Informacoes sobre ordens
| Nome do Produto | Numero de Catalogo | UNID | Preco | Qde | FAVORITOS | |
JMJD5 Plasmídeo duplo de Nickase (h) | sc-405787-NIC | 20 µg | $410.00 | |||
JMJD5 Plasmídeo duplo de Nickase (h2) | sc-405787-NIC-2 | 20 µg | $410.00 |
KDM8 (JMJD5) codifica uma dioxigenase contendo o domínio Jumonji C que atua como regulador epigenético, conectando o estado da cromatina ao controle transcricional. O JMJD5 tem sido implicado em atividades de hidroxilação/desmetilação de substratos histônicos e não histônicos e modula processos como a progressão do ciclo celular, respostas a danos no DNA e a expressão de genes metabólicos. Por meio de interações com complexos transcricionais e associados à cromatina, o JMJD5 contribui para a regulação de vias responsivas à hipóxia e ao estresse e para a coordenação de programas proliferativos. A desregulação da atividade ou da expressão de JMJD5 tem sido associada a alterações no controle de crescimento e na manutenção do genoma, tornando o KDM8 um alvo útil para estudos mecanísticos em biologia do câncer e distúrbios relacionados.

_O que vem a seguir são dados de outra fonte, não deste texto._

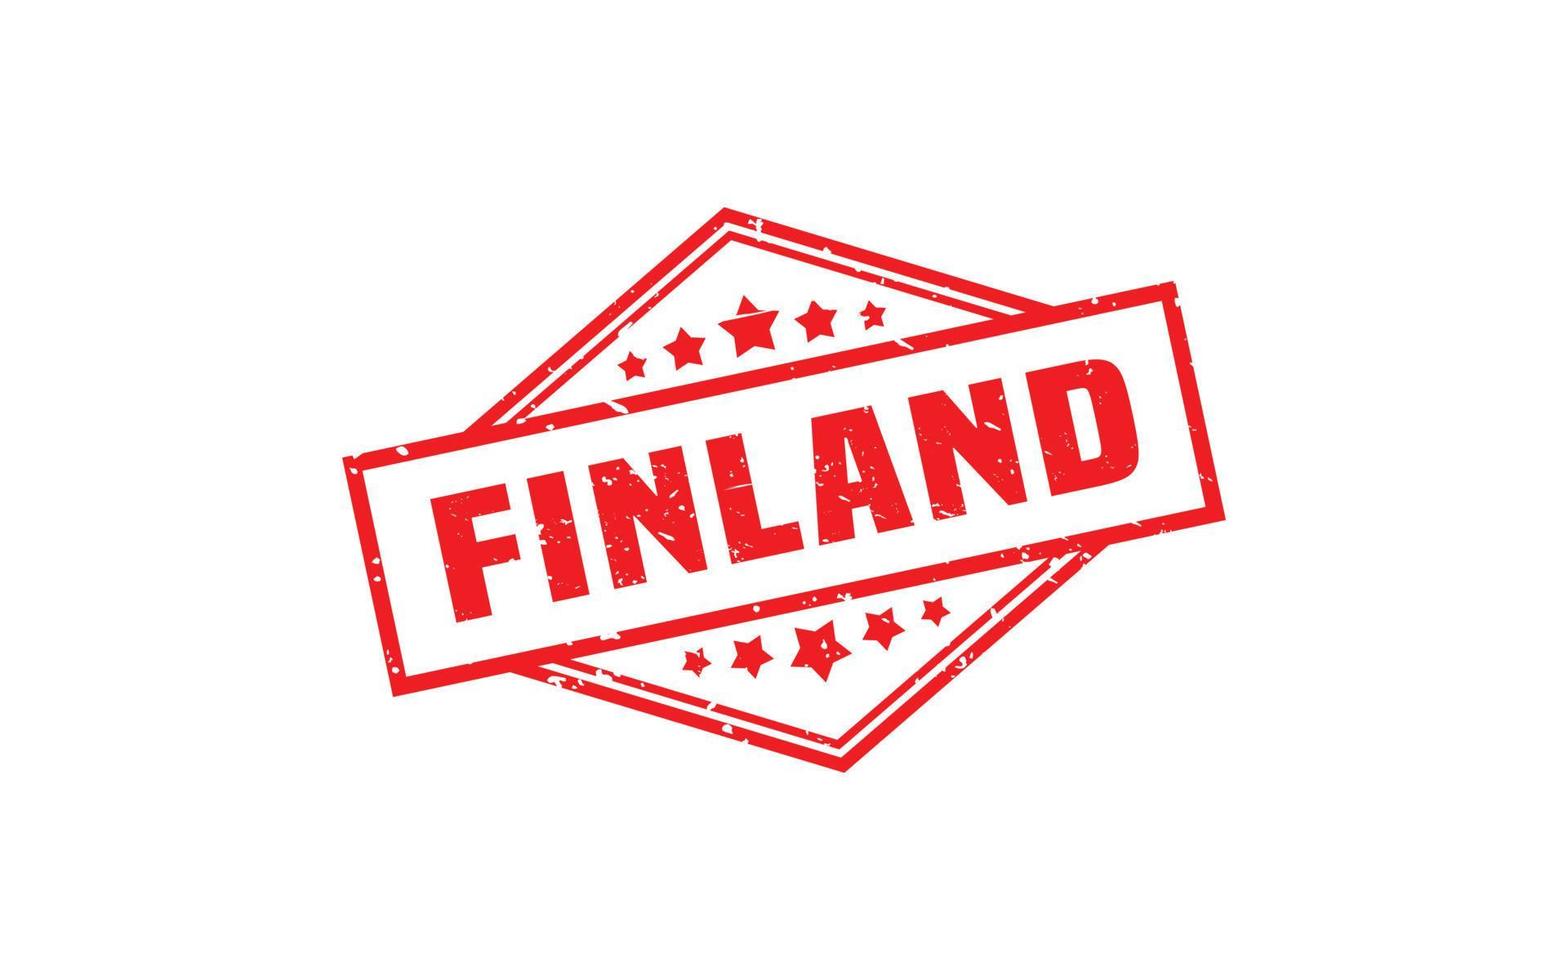 Finlândia carimbo de borracha com estilo grunge em fundo branco vetor

JMJD5 O Plasmídeo de Nickase Dupla (h) consiste num par de plasmídeos combinados, concebidos para a edição de alta especificidade do locus KDM8 em linhas celulares human. Cada plasmídeo expressa uma nickase Cas9 D10A e um sgRNA distinto que tem como alvo cadeias de ADN opostas dentro de KDM8. Quando direcionadas para locais adjacentes em cadeias de ADN opostas, as duas nickases geram cortes deslocados numa única cadeia que, em conjunto, produzem uma quebra escalonada de cadeia dupla, exigindo uma atividade coordenada no alvo por parte de ambas as guias. A quebra de ADN resultante é resolvida por vias de reparação celular endógenas, mais frequentemente através da junção de extremidades não homólogas (NHEJ), levando a inserções ou deleções que perturbam a função KDM8. Ao exigir o envolvimento de dois sgRNA no locus alvo, a abordagem de dupla nickase aumenta a especificidade da edição e fornece uma estratégia CRISPR complementar para aplicações em que se deseja um controlo adicional sobre a precisão do direcionamento.
Para apoiar a identificação eficiente das células editadas, um plasmídeo codifica GFP para visualização fluorescente das populações transfectadas, enquanto o plasmídeo complementar transporta um gene de resistência à puromicina para seleção antibiótica. Em conjunto, estas características apoiam o enriquecimento eficiente das populações co-transfectadas e simplificam a validação dos clones com KDM8 interrompido.
Apenas para uso em investigação. Não se destina a uso diagnóstico ou terapêutico.